Phylogeographic Differentiation of Mitochondrial DNA in Han Chinese

To characterize the mitochondrial DNA (mtDNA) variation in Han Chinese from several provinces of China, we have sequenced the two hypervariable segments of the control region and the segment spanning nucleotide positions 10171–10659 of the coding region, and we have identified a number of specific coding-region mutations by direct sequencing or restriction-fragment–length–polymorphism tests. This allows us to define new haplogroups (clades of the mtDNA phylogeny) and to dissect the Han mtDNA pool on a phylogenetic basis, which is a prerequisite for any fine-grained phylogeographic analysis, the interpretation of ancient mtDNA, or future complete mtDNA sequencing efforts.
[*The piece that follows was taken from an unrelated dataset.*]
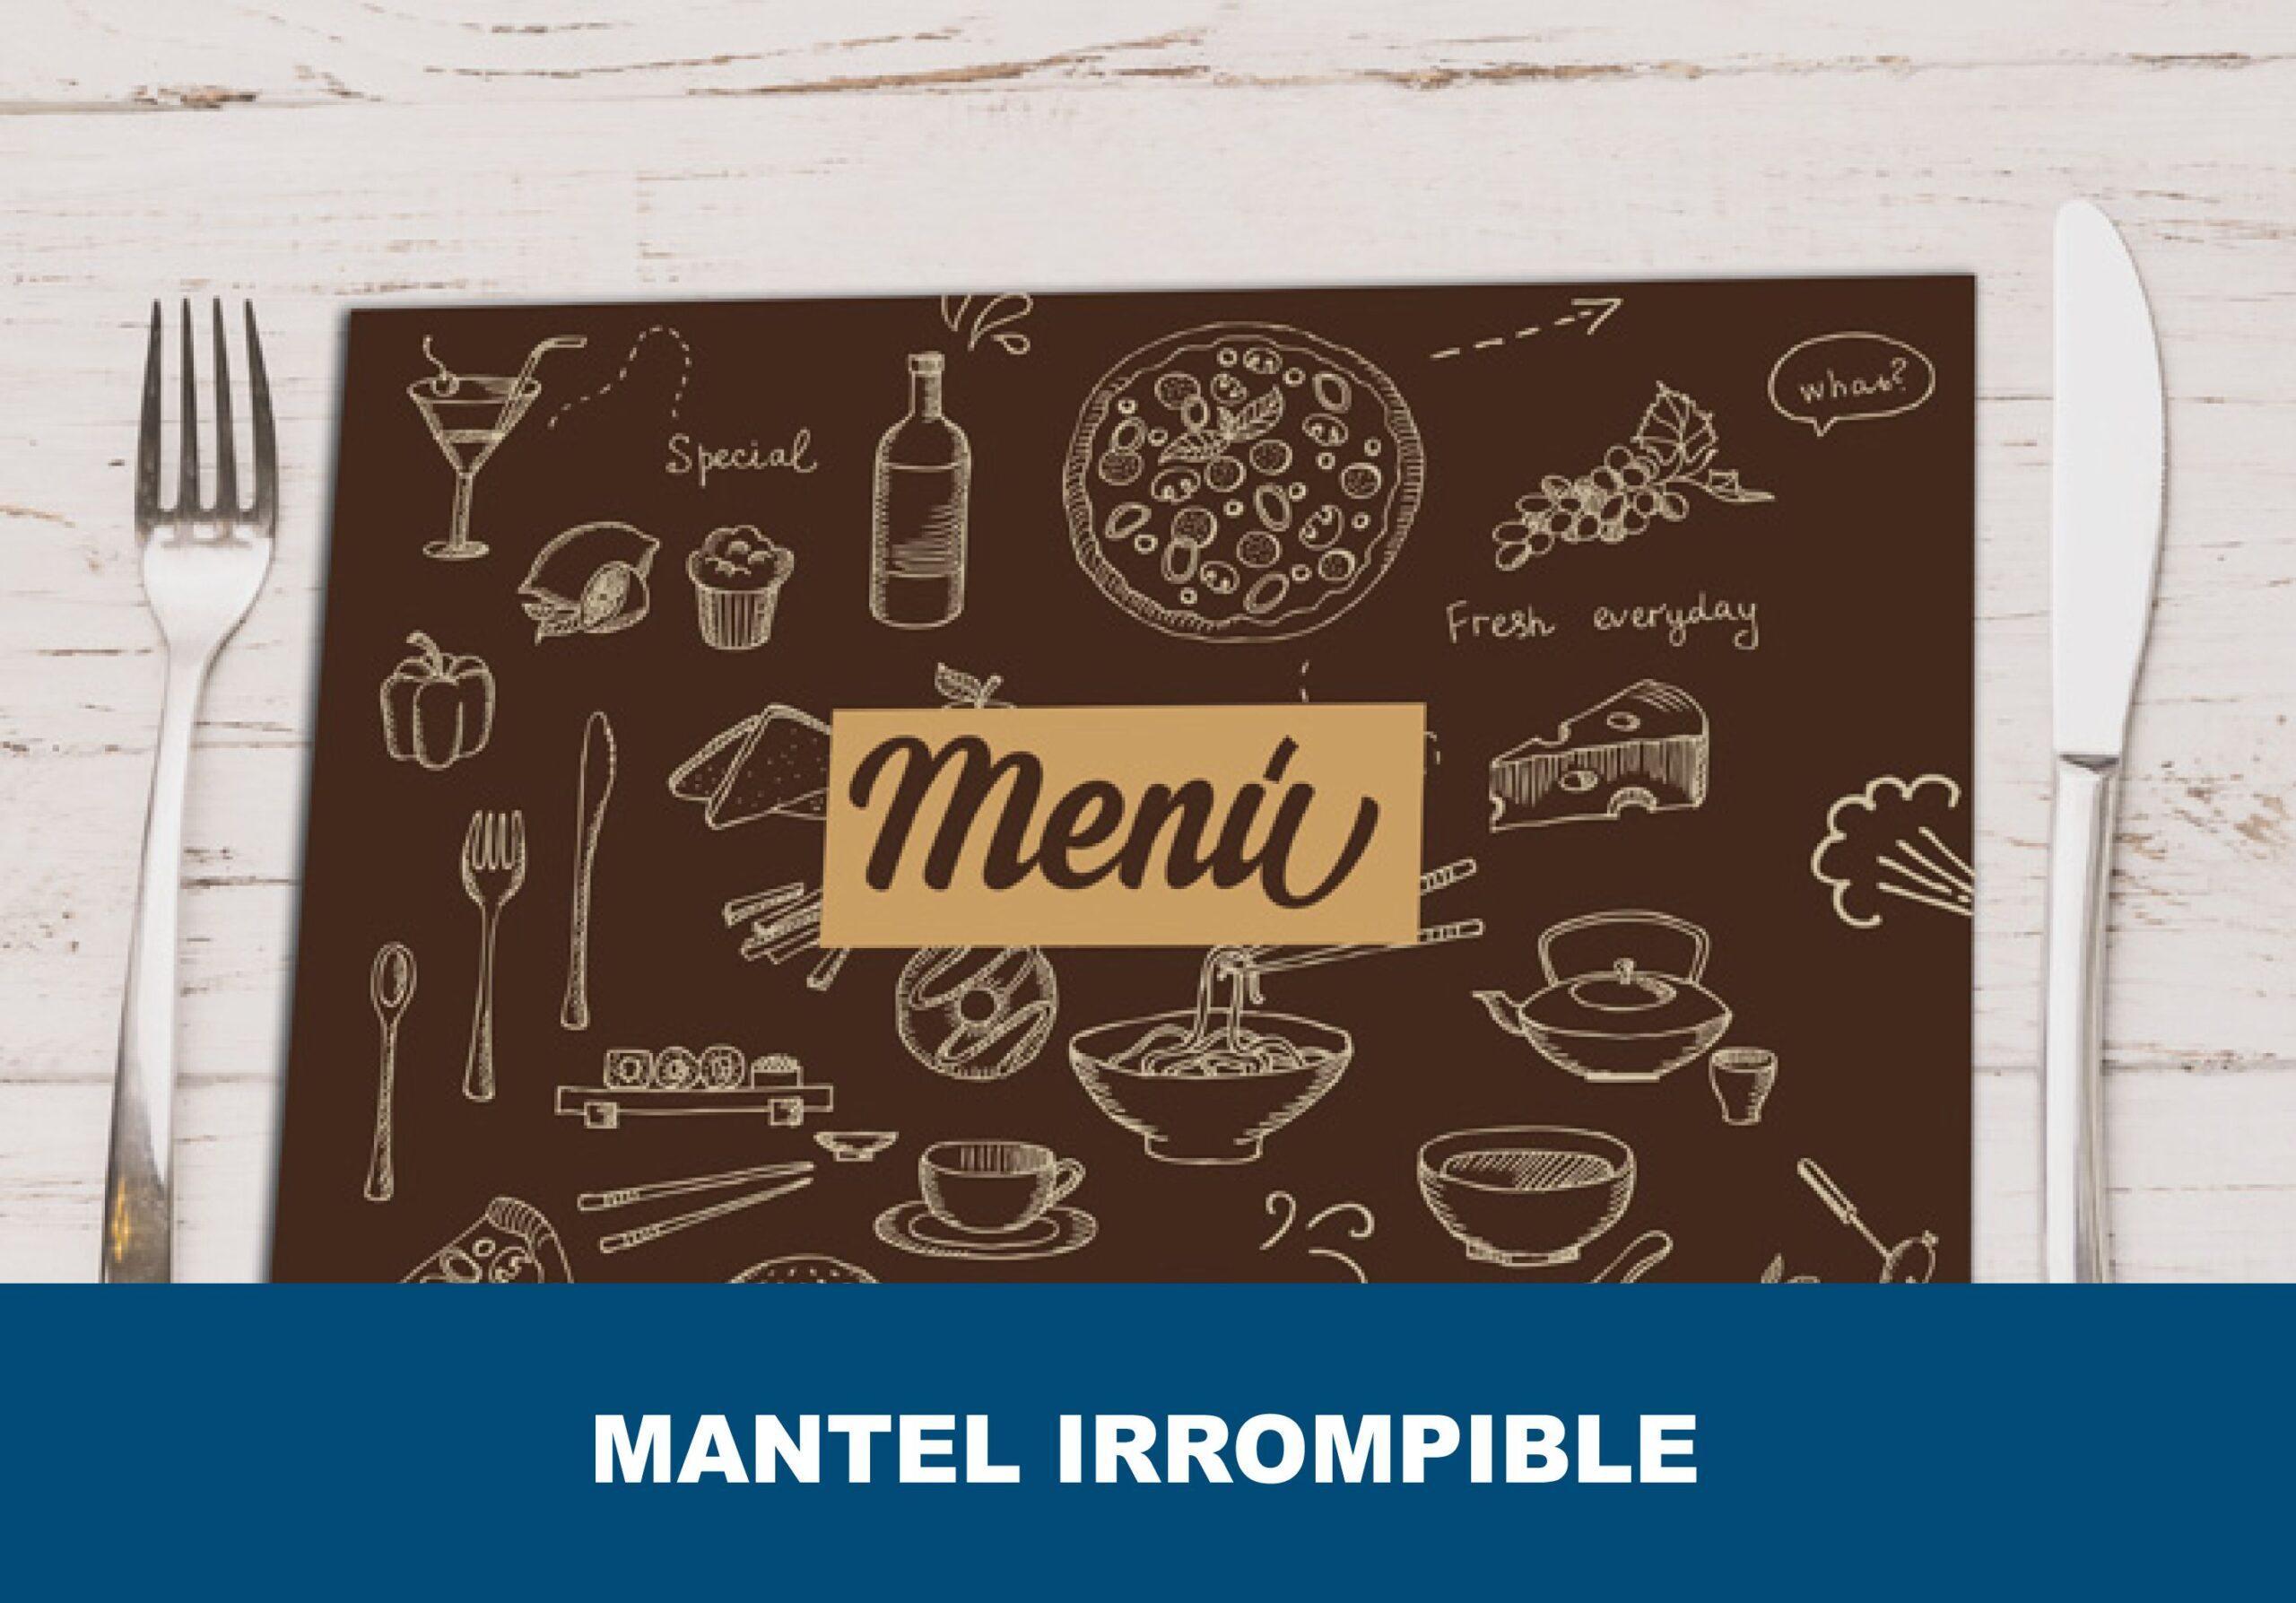 Mantel individual irrompible

Some of the haplogroups under study differ considerably in frequencies across different provinces. The southernmost provinces show more pronounced contrasts in their regional Han mtDNA pools than the central and northern provinces. These and other features of the geographical distribution of the mtDNA haplogroups observed in the Han Chinese make an initial Paleolithic colonization from south to north plausible but would suggest subsequent migration events in China that mainly proceeded from north to south and east to west. Lumping together all regional Han mtDNA pools into one fictive general mtDNA pool or choosing one or two regional Han populations to represent all Han Chinese is inappropriate for prehistoric considerations as well as for forensic purposes or medical disease studies.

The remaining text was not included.